As shown in the figure above, there is a slice enumerator on the left, which can list which slices the source needs and show what there are. After enumerating slices in real time, each slice would be distributed to SourceReader, the real data reading module. Boundedness marker is used to differentiate offline and real-time operations. Connector can mark whether there is a stop Offset in a slice. For example, Kafka can support real-time and offline operations. The degree of parallelism can be set for the ParallelSource in the engine to support parallel reading.
As shown in the figure above, in a scenario where a coordinator is required, Event transmission is done between the Reader and Enumerator. Enumerator coordinates events by the Event sent by the Reader. The Coordinated Source needs to ensure single parallelism at the engine level to ensure data consistency. Of course, this does not make good use of the engine’s memory management mechanism, but trade-offs are necessary.

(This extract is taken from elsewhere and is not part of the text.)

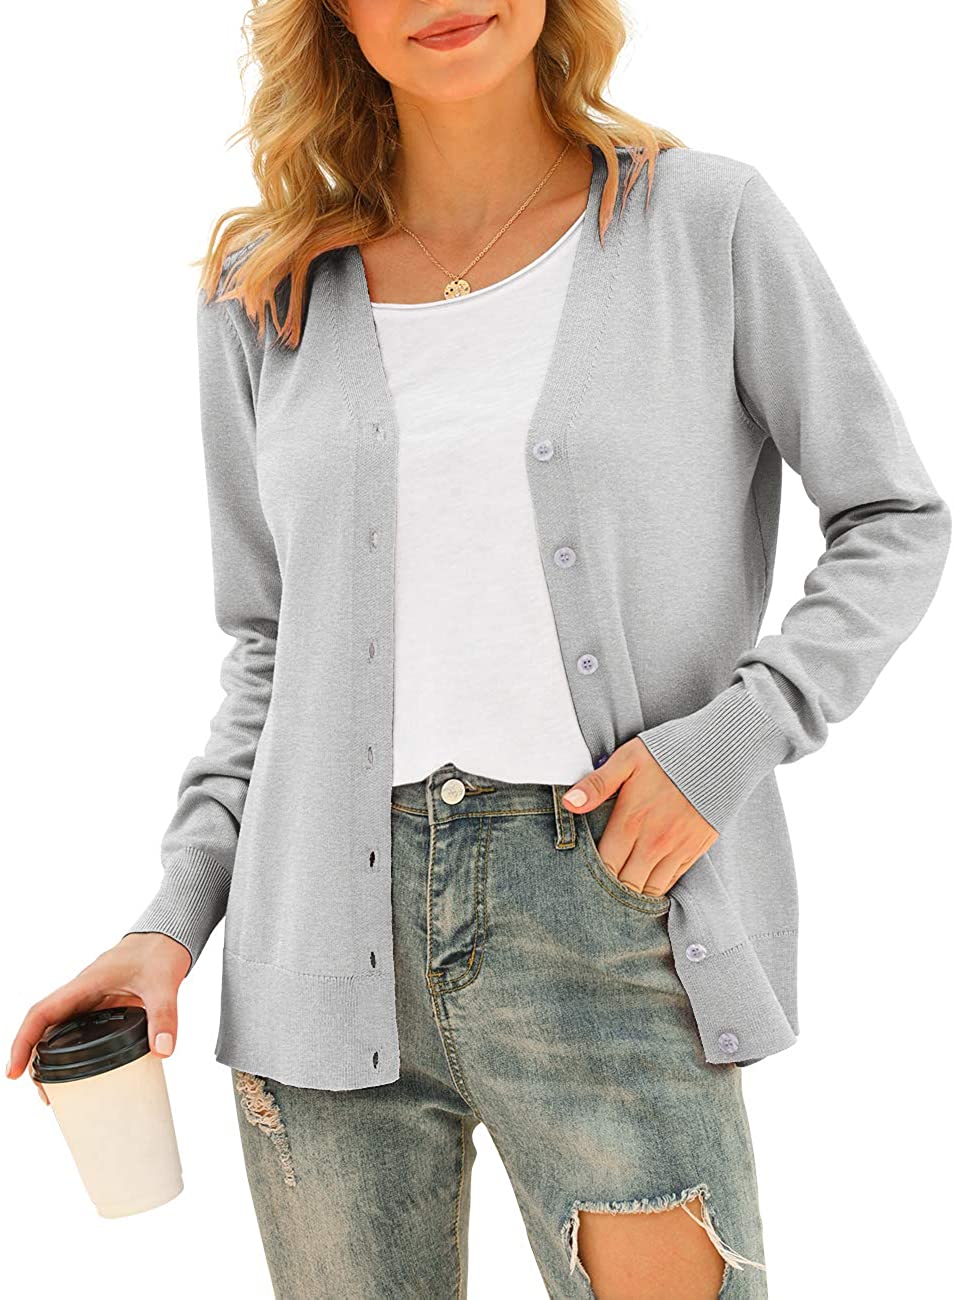 Long Sleeve Soft Basic Knit Cardigan | eBay

For the last question, how can we support a single reader to process multiple tables? This involves the Table API layer. Once all the required tables have been read from the Catalog, some of the tables may belong to a single job and can be read by a link, and some may need to be separated, depending on how Source is implemented. Since this is a special requirement, we want to make it easier for the developers. In the Table API layer, we will provide a SupportMultipleTable interface to declare that Source supports multiple Table reads. The Source is implemented based on the corresponding deserializer of multiple tables. As for how to separate derived multi-table data, Flink will adopt Side Output mechanism, while Spark is going to use Filter or Partition mechanism.
5 Sink API
At present, there are not many features required by Sink, but three mojor requirements are considerable according to our research.

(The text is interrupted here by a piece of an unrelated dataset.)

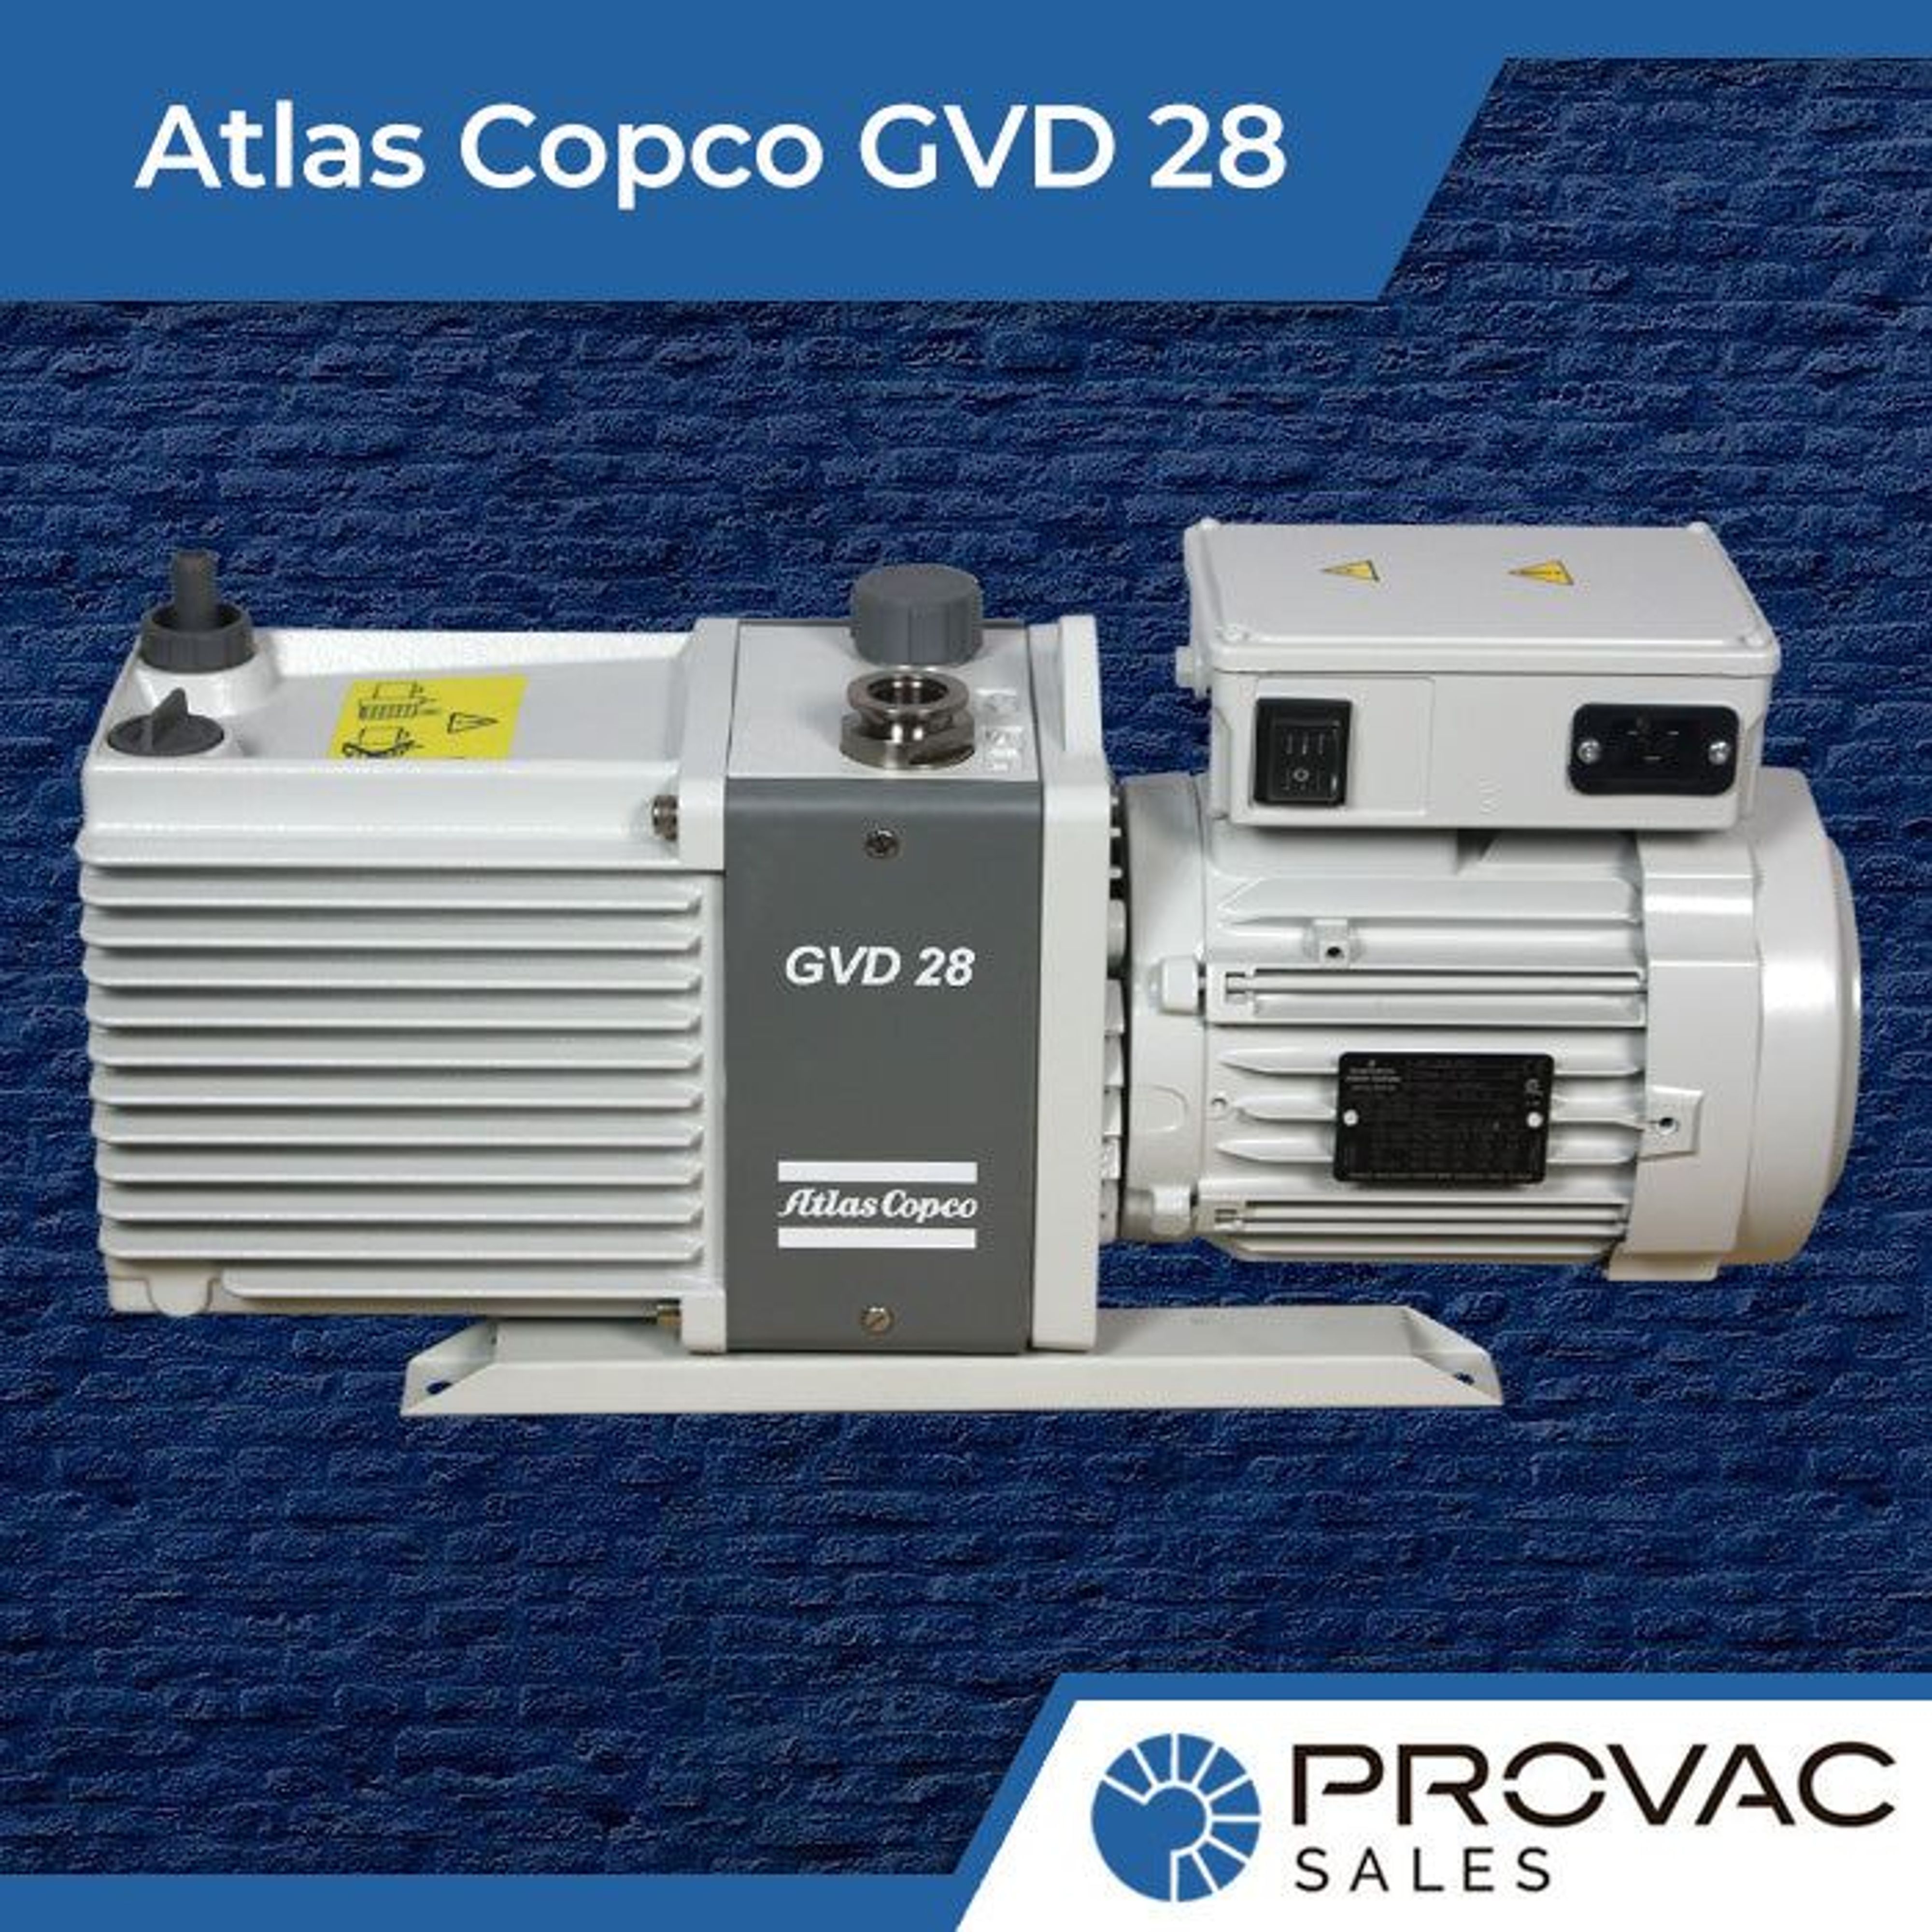 Atlas Copco GVD 28: 22.3 CFM Vacuum Work-Horse Background

The first is about idempotent writing, which requires no code and depends on whether the storage engine can support it.
The second is about distributed transactions. The mainstream method is two-phase commitments, such as Kafka etc.
The third is about the submission of aggregation. For Storage engines like Iceberg and Hoodie, we hope there is no issues triggered by small files, so we expect to aggregate these files into a single file and commit it as a whole.

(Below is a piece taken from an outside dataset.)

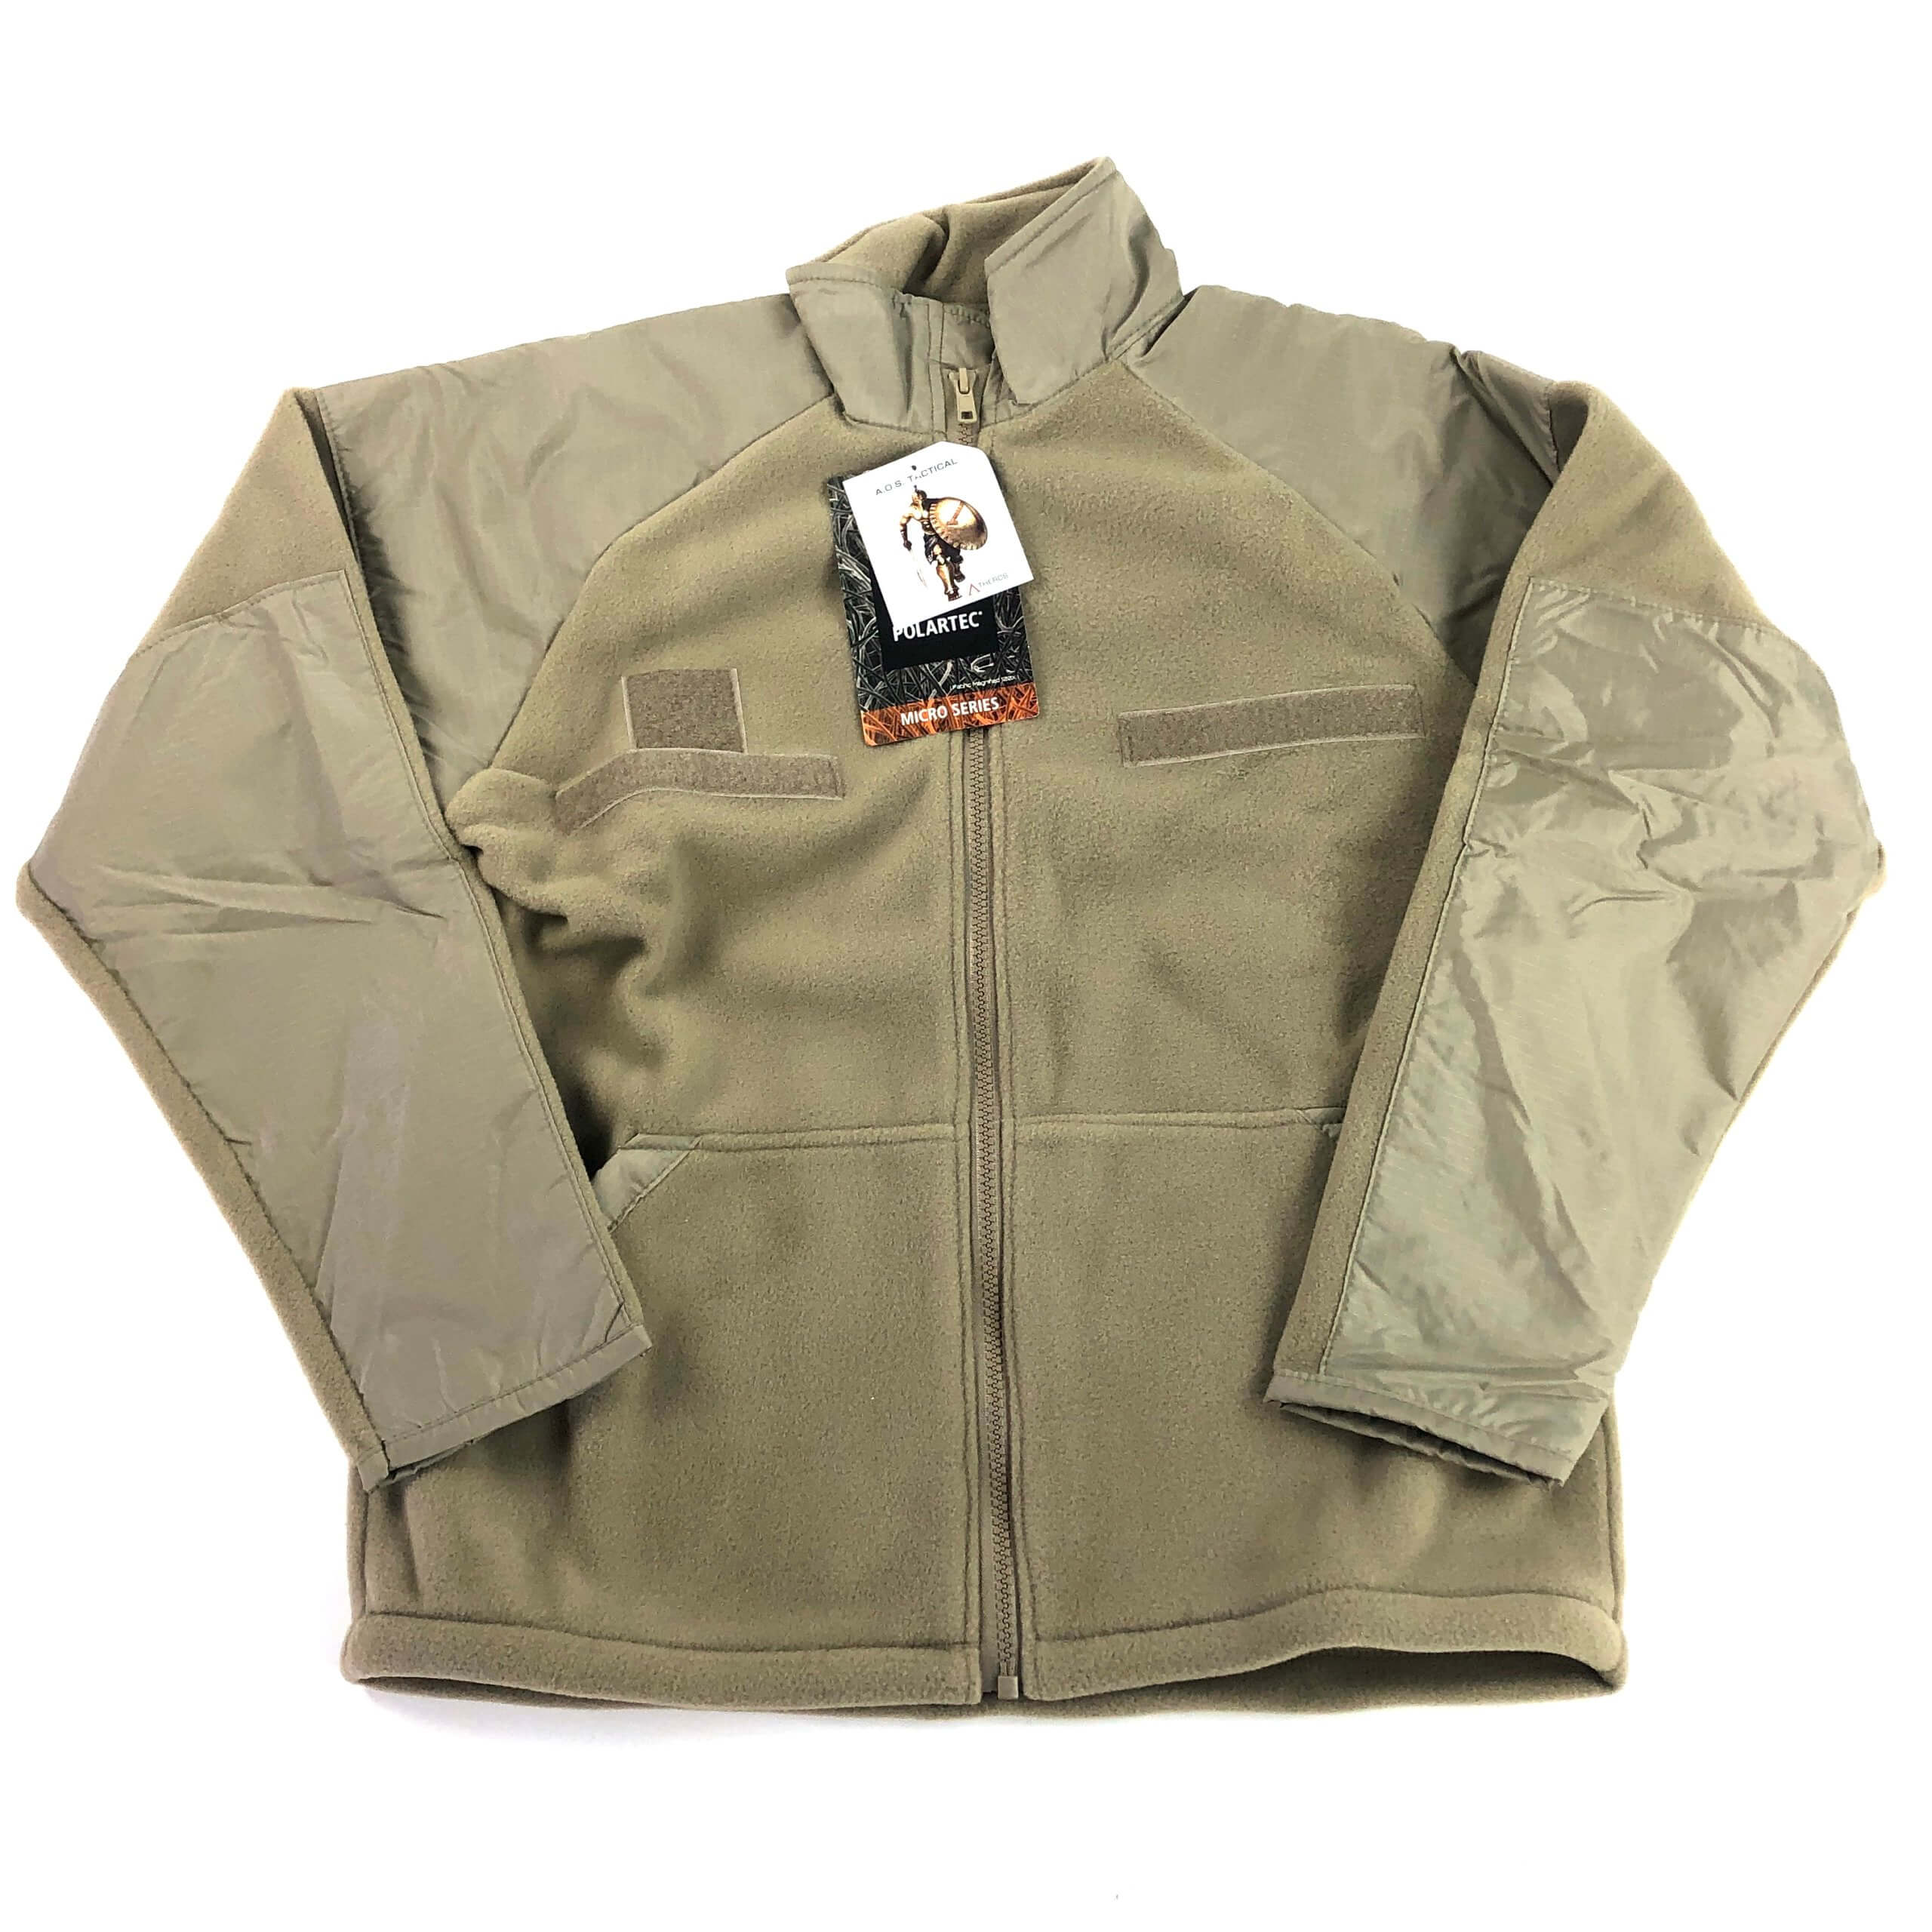 AOS Polartec Micro Fleece Level III Jacket, Tan

Based on these three requirements, we built three APIS: SinkWriter, SinkCommitter, and SinkAggregated Committer. SinkWriter plays a role of writing, which may or may not be idempotent. SinkCommitter supports for two-phase commitments. SinkAggregatedCommitter supports for aggregated commitments.
Ideally, AggregatedCommitter runs in Driver in single or parallel, and Writer and Committer run in Worker with multiple parallels, with each parallel carrying its own pre-commit work and then send Aggregated messages to Aggregated committers.
Current advanced versions of Spark and Flink all support AggregatedCommitter running on the Driver(Job Manager) and Writer and Committer running on the worker(Task Manager).
However, for the lower versions of Flink, AggregatedCommitter cannot be supported to run in JM, so we are also carrying translation adaptation. Writer and Committer will act as pre-operators, packaged by Flink’s ProcessFunction, supports concurrent pre-delivery and write, and implement two-phase commitment based on Flink’s Checkpoint mechanism. This is also the current 2PC implementation of many of Flink connectors. The ProcessFunction can send messages about pre-commits to downstream Aggregated committers, which can be wrapped around operators such as SinkFunction or ProcessFunction. Of course, We need to ensure that only one single parallel will be started by the AggregatedCommitter in case of the broken of the logic of the aggregated commitment.
Thank you for watching. If you’re interested in the specific implementations mentioned in my speech, you can refer to the Apache SeaTunnel (Incubating) community and check out the API-Draft branch code. Thank you again.